Llama 4 architecture
Best reasoning
cutting-edge performance

Long Documents

OPENCLAW_DEFAULT_MODEL=groq/llama-3.3-70b-versatile

128K context window
Can process entire books
Excellent summarization

Pricing

Free Tier (Generous!)

Model	Rate Limit
Llama 3.1 8B	~30 req/min
Llama 3.3 70B	~30 req/min
Llama 4 Maverick	~30 req/min
Llama 4 Scout	~30 req/min
Qwen3 32B	~30 req/min
Kimi K2	~30 req/min

Perfect for personal bots!

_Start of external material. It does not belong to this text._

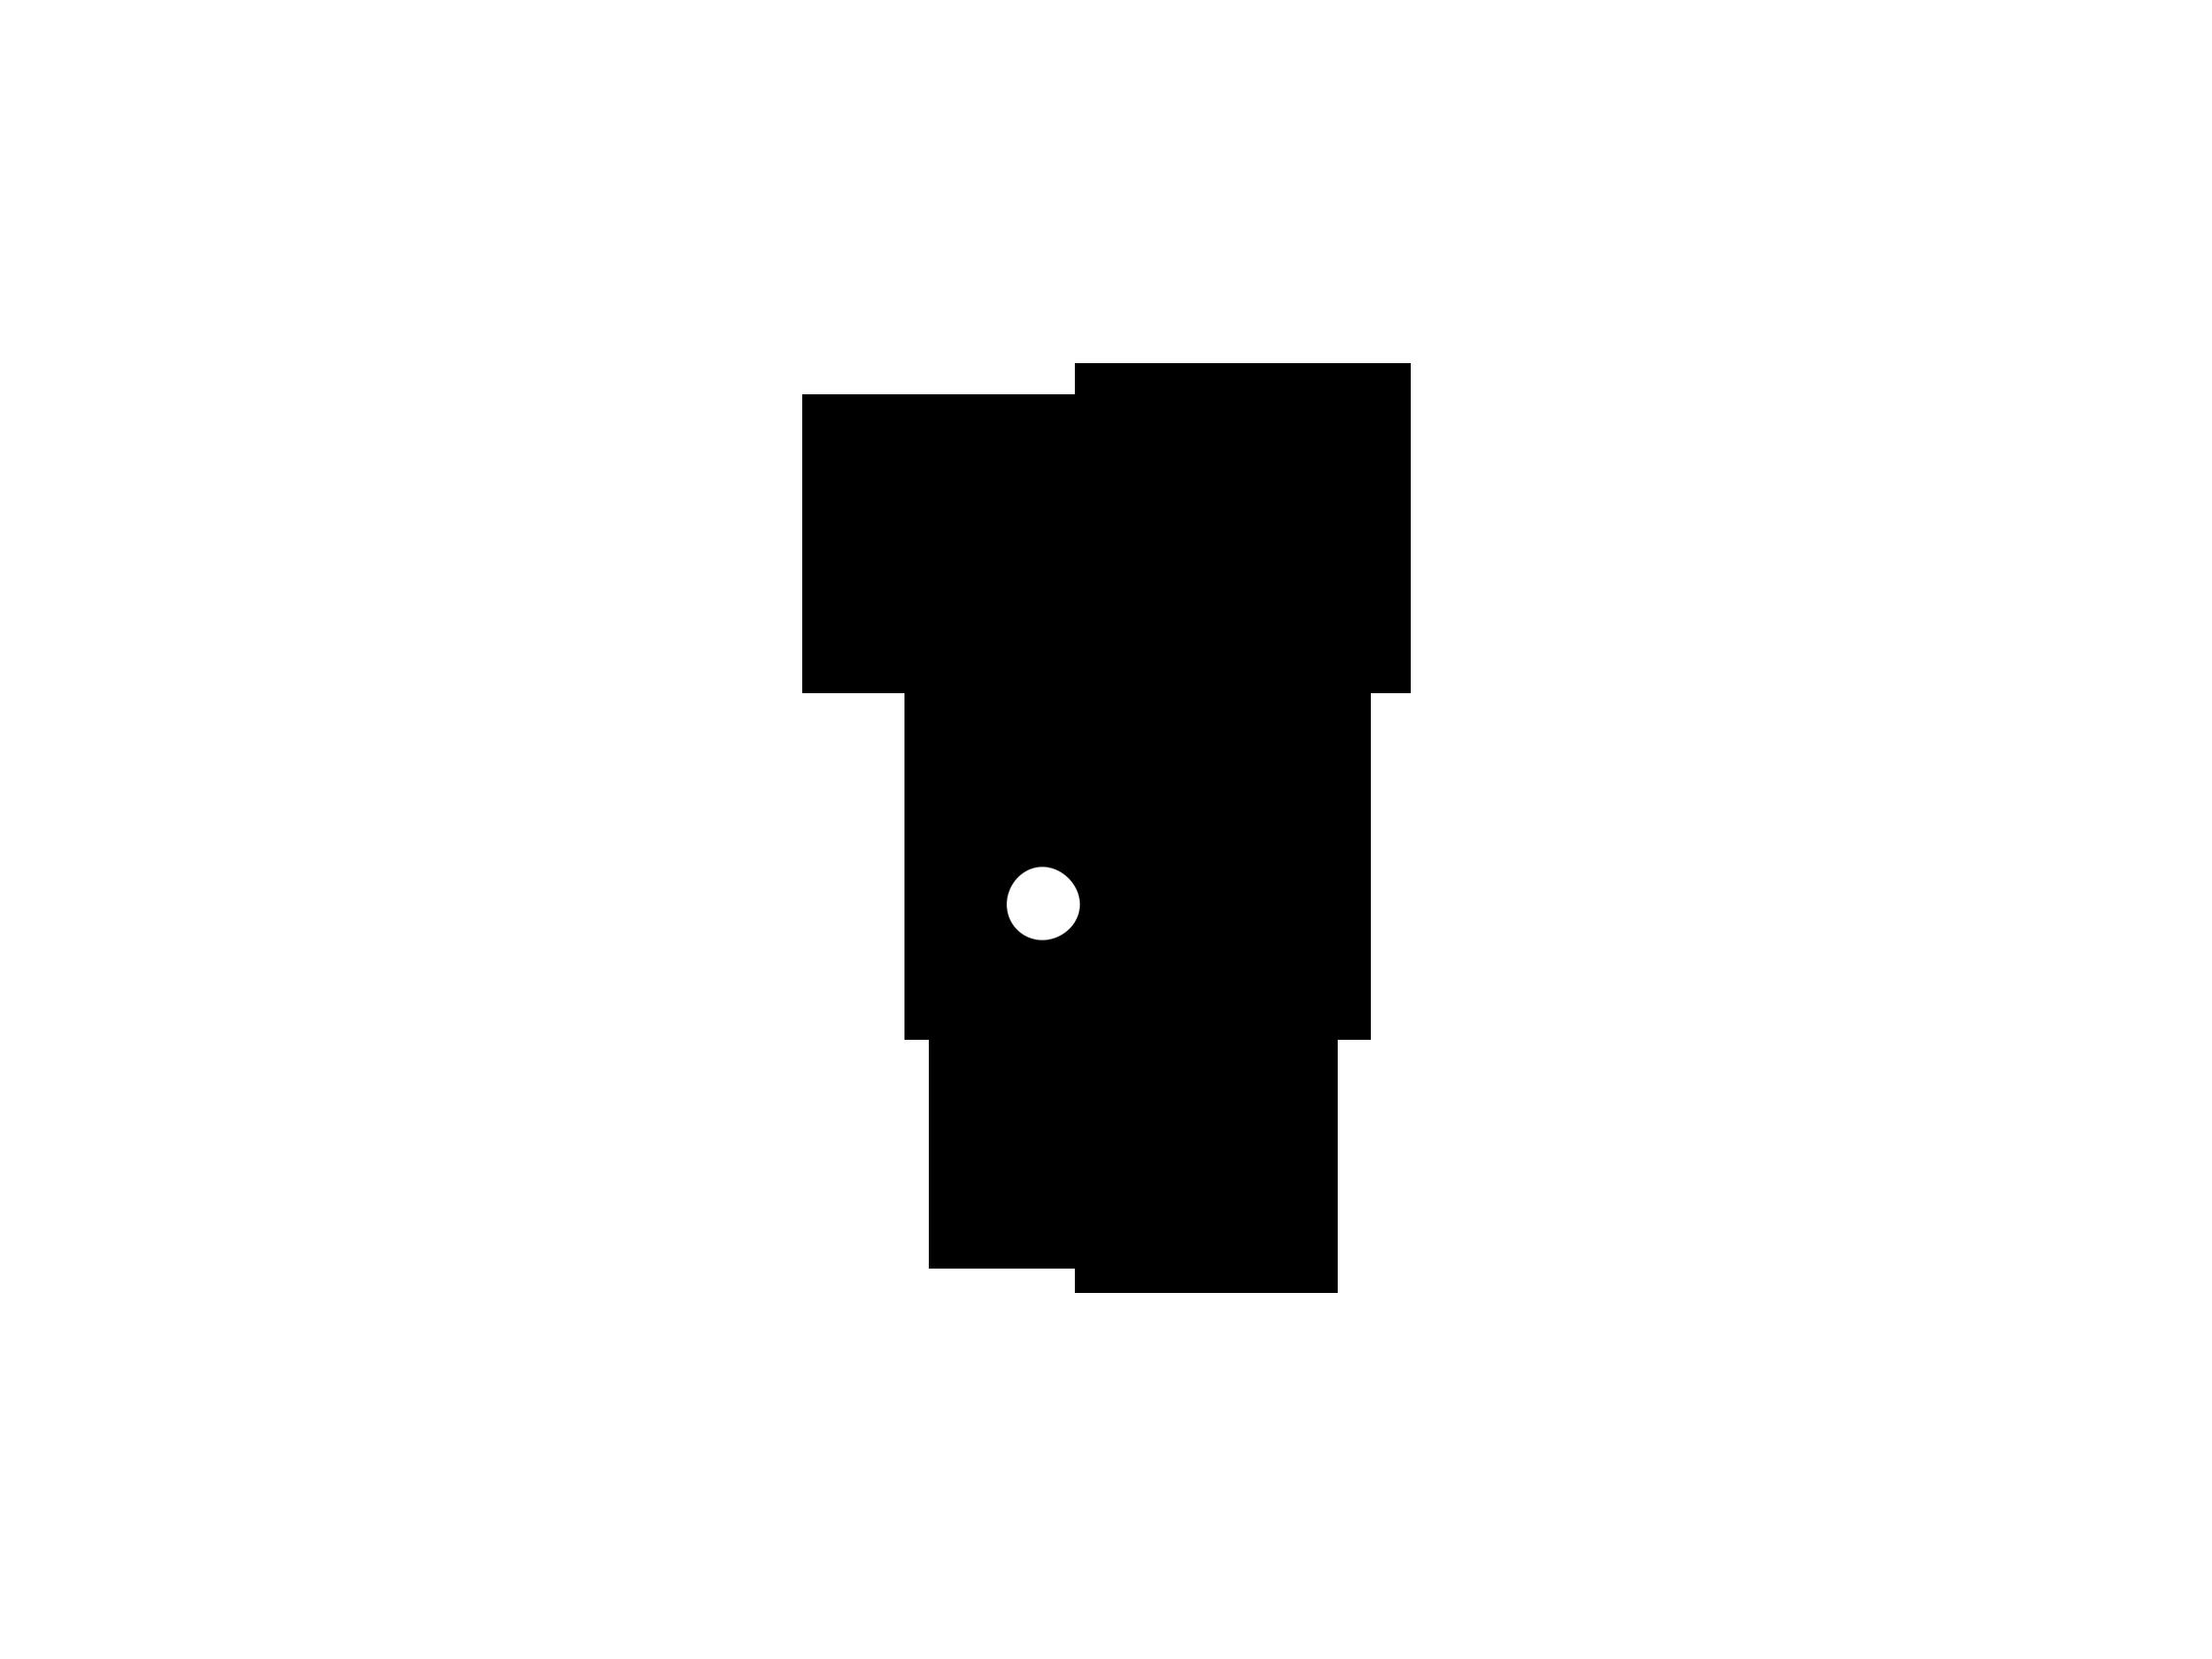 Playboy_logo.png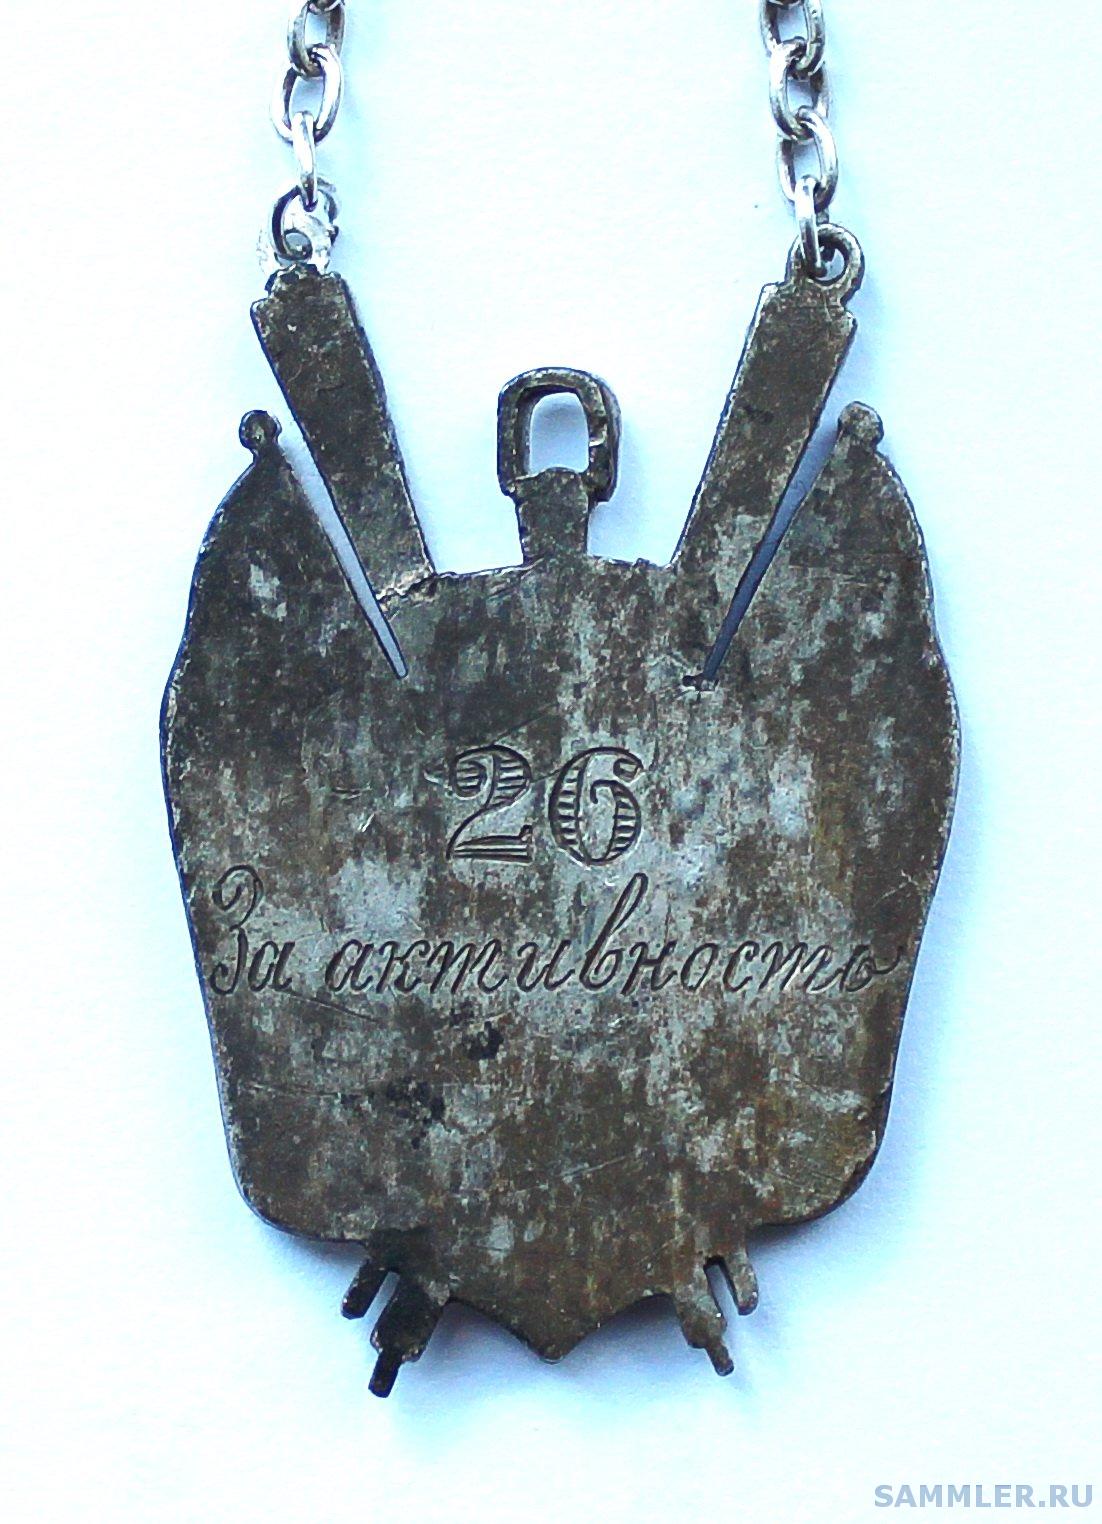 знак  ОСНАВ - Общество спасения на Водах - 1920-е гг_4.png

Most users never need paid tier.

Paid Plans

Check https://groq.com/pricing for enterprise pricing.

Performance Comparison

Provider	Tokens/sec	Latency	Cost
Groq Llama 3.3	500+	<100ms	Free
Groq Llama 4	400+	<150ms	Free
xAI Grok	100-200	200-500ms	$
OpenAI GPT-4	50-100	500ms-1s	$$$
Local Ollama	20-50	100-200ms	Free

Troubleshooting

"Invalid API key"

Verify key starts with gsk_
No spaces or newlines
Check key at https://console.groq.com/api-keys
Regenerate if compromised

"Rate limit exceeded"

Free tier: ~30 requests/minute
Use llama-3.1-8b-instant for higher limits
Add delays between requests
Consider paid plan for heavy usage

"Model not found"

Use exact model ID from table above
Check model is active in Groq console
Some models may be region-restricted

Slow Responses

Groq should be <100ms
Check internet connection
HF Spaces region matters (US = fastest)

Example: WhatsApp Bot with Groq

# HF Spaces secrets
GROQ_API_KEY=gsk_xxxxx
HF_TOKEN=hf_xxxxx
AUTO_CREATE_DATASET=true

# WhatsApp (configure in Control UI)
WHATSAPP_PHONE=+1234567890
WHATSAPP_CODE=ABC123

Result: Ultra-fast WhatsApp AI bot! ⚡

API Reference

Test Your Key

curl https://api.groq.com/openai/v1/models \
  -H "Authorization: Bearer gsk_xxxxx"

Chat Completion

curl https://api.groq.com/openai/v1/chat/completions \
  -H "Content-Type: application/json" \
  -H "Authorization: Bearer gsk_xxxxx" \
  -d '{
    "model": "llama-3.3-70b-versatile",
    "messages": [
      {"role": "user", "content": "Hello!"}
    ]
  }'

Best Practices

1. Choose Right Model

Chat: llama-3.3-70b-versatile
Fast Q&A: llama-3.1-8b-instant
Complex tasks: meta-llama/llama-4-maverick-17b-128e-instruct
Long docs: llama-3.3-70b-versatile (128K context)

2. Monitor Usage

Check https://console.groq.com/usage

3. Secure Your Key

Never commit to git
Use HF Spaces secrets
Rotate keys periodically

4. Set Up Alerts

Configure usage alerts in Groq console.

Next Steps

✅ Get API key from https://console.groq.com
✅ Set GROQ_API_KEY in HF Spaces secrets
✅ Deploy and test in Control UI
✅ Configure WhatsApp/Telegram channels
🎉 Enjoy sub-second AI responses!

Speed Test

After setup, test Groq's speed:

1. Open Control UI
2. Select "Llama 3.3 70B (Versatile)"
3. Send: "Write a 100-word story about a robot"
4. Watch it generate in <0.5 seconds! ⚡⚡⚡

Support

Groq Docs: https://console.groq.com/docs
API Status: https://status.groq.com
HuggingClaw: https://github.com/openclaw/openclaw/issues

Available via OpenAI-Compatible API

All Groq models work via OpenAI-compatible endpoint:

OPENAI_API_KEY=gsk_xxxxx
OPENAI_BASE_URL=https://api.groq.com/openai/v1

This allows using Groq with any OpenAI-compatible client!